We simulate county-level data based on the documented Schlenker-Roberts response function to illustrate the principle.
from divergence import ksg_mutual_information
rng = np.random.default_rng(42)
n = 500
# Growing-season average temperature (C) across US counties
temp = rng.uniform(15, 38, n)
# Yield response: increases up to 29C, then collapses
# Based on Schlenker & Roberts (2009) piecewise-linear approximation
yield_base = np.where(
temp < 29,
50 + 8 * (temp - 15), # rising: ~50 to ~162 bushels/acre
162 - 15 * (temp - 29), # collapsing above 29C
)
yield_obs = yield_base + rng.normal(0, 15, n) # measurement noise
# Correlation: blind to the nonlinearity
r, p_val = pearsonr(temp, yield_obs)
# Mutual information: sees everything
mi = ksg_mutual_information(temp, yield_obs, k=5)
print(f'Pearson correlation: r = {r:.3f} (p = {p_val:.3f})')
print(f'KSG mutual information: {mi:.3f} nats')
print()
print(f'Correlation says: "temperature barely matters" (r ≈ 0)')

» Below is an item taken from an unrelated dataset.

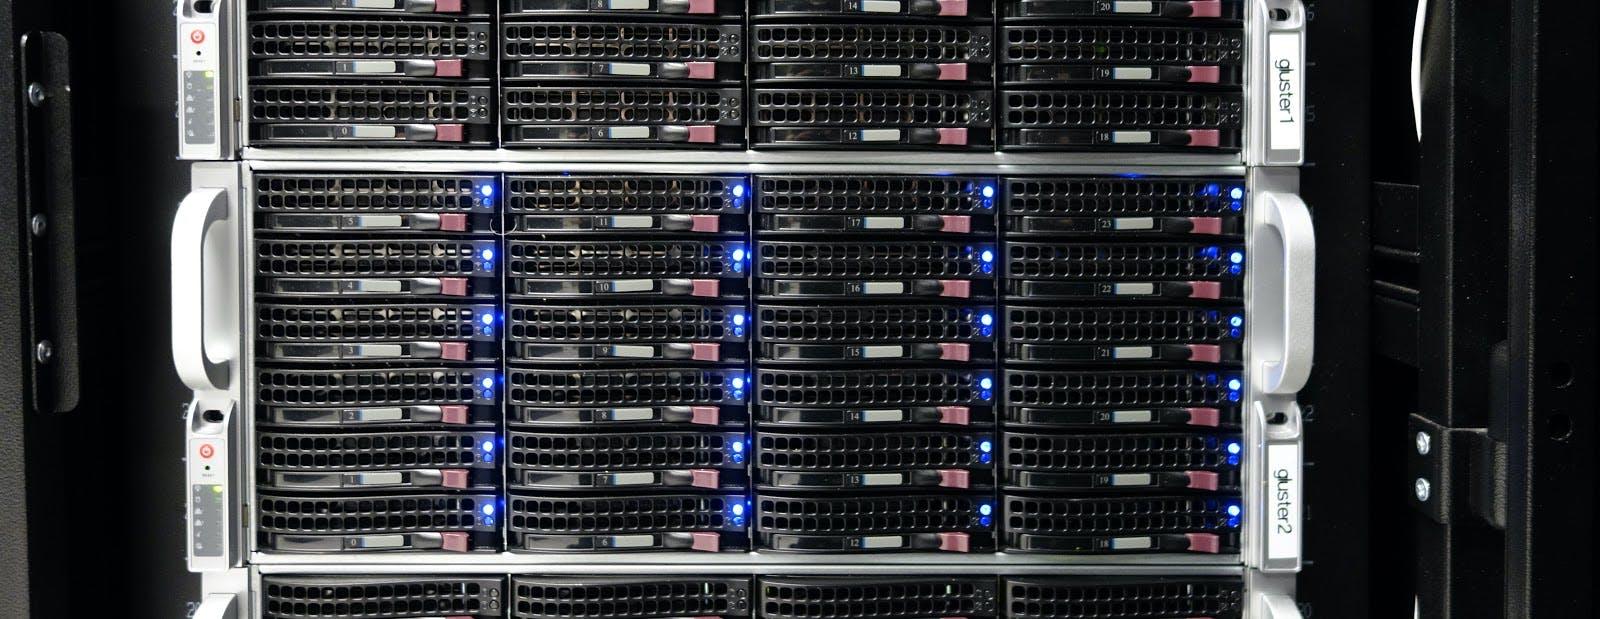 FTP server.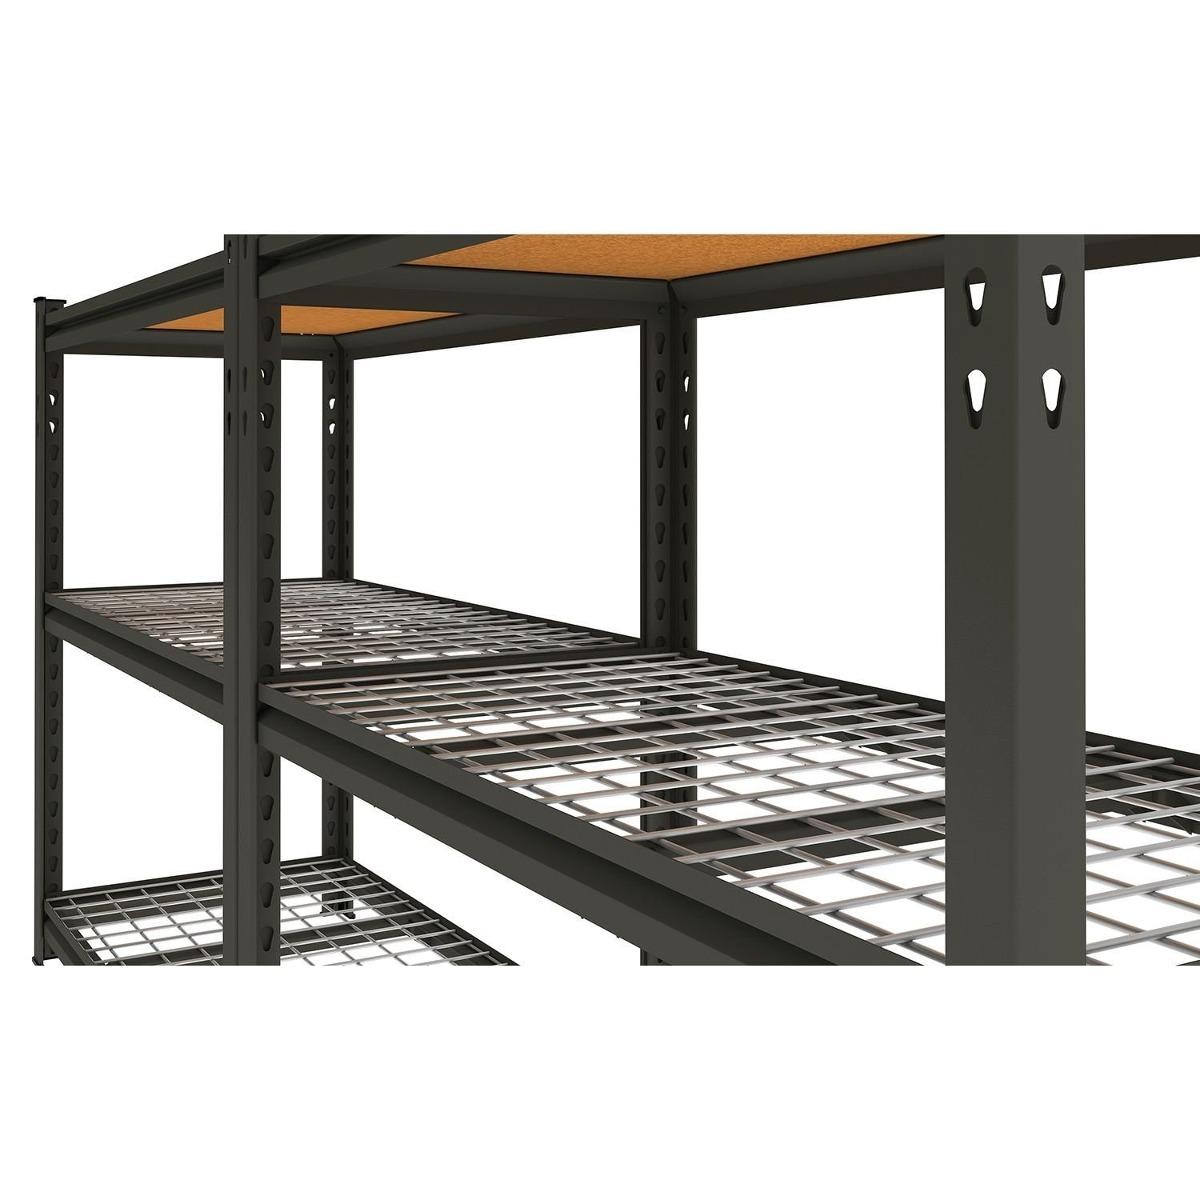 Estante Rack Anaquel 5 Repisas Organizador Garage Taller $ 3 999.00  #9C632F 1200x1200

print(f'Mutual information says: "temperature matters enormously" (MI = {mi:.2f} nats)')
Pearson correlation: r = 0.078 (p = 0.081) KSG mutual information: 0.738 nats Correlation says: "temperature barely matters" (r ≈ 0) Mutual information says: "temperature matters enormously" (MI = 0.74 nats)
fig, (ax1, ax2) = plt.subplots(1, 2, figsize=(13, 5))
# Scatter plot
ax1.scatter(temp, yield_obs, alpha=0.4, s=15, color='seagreen')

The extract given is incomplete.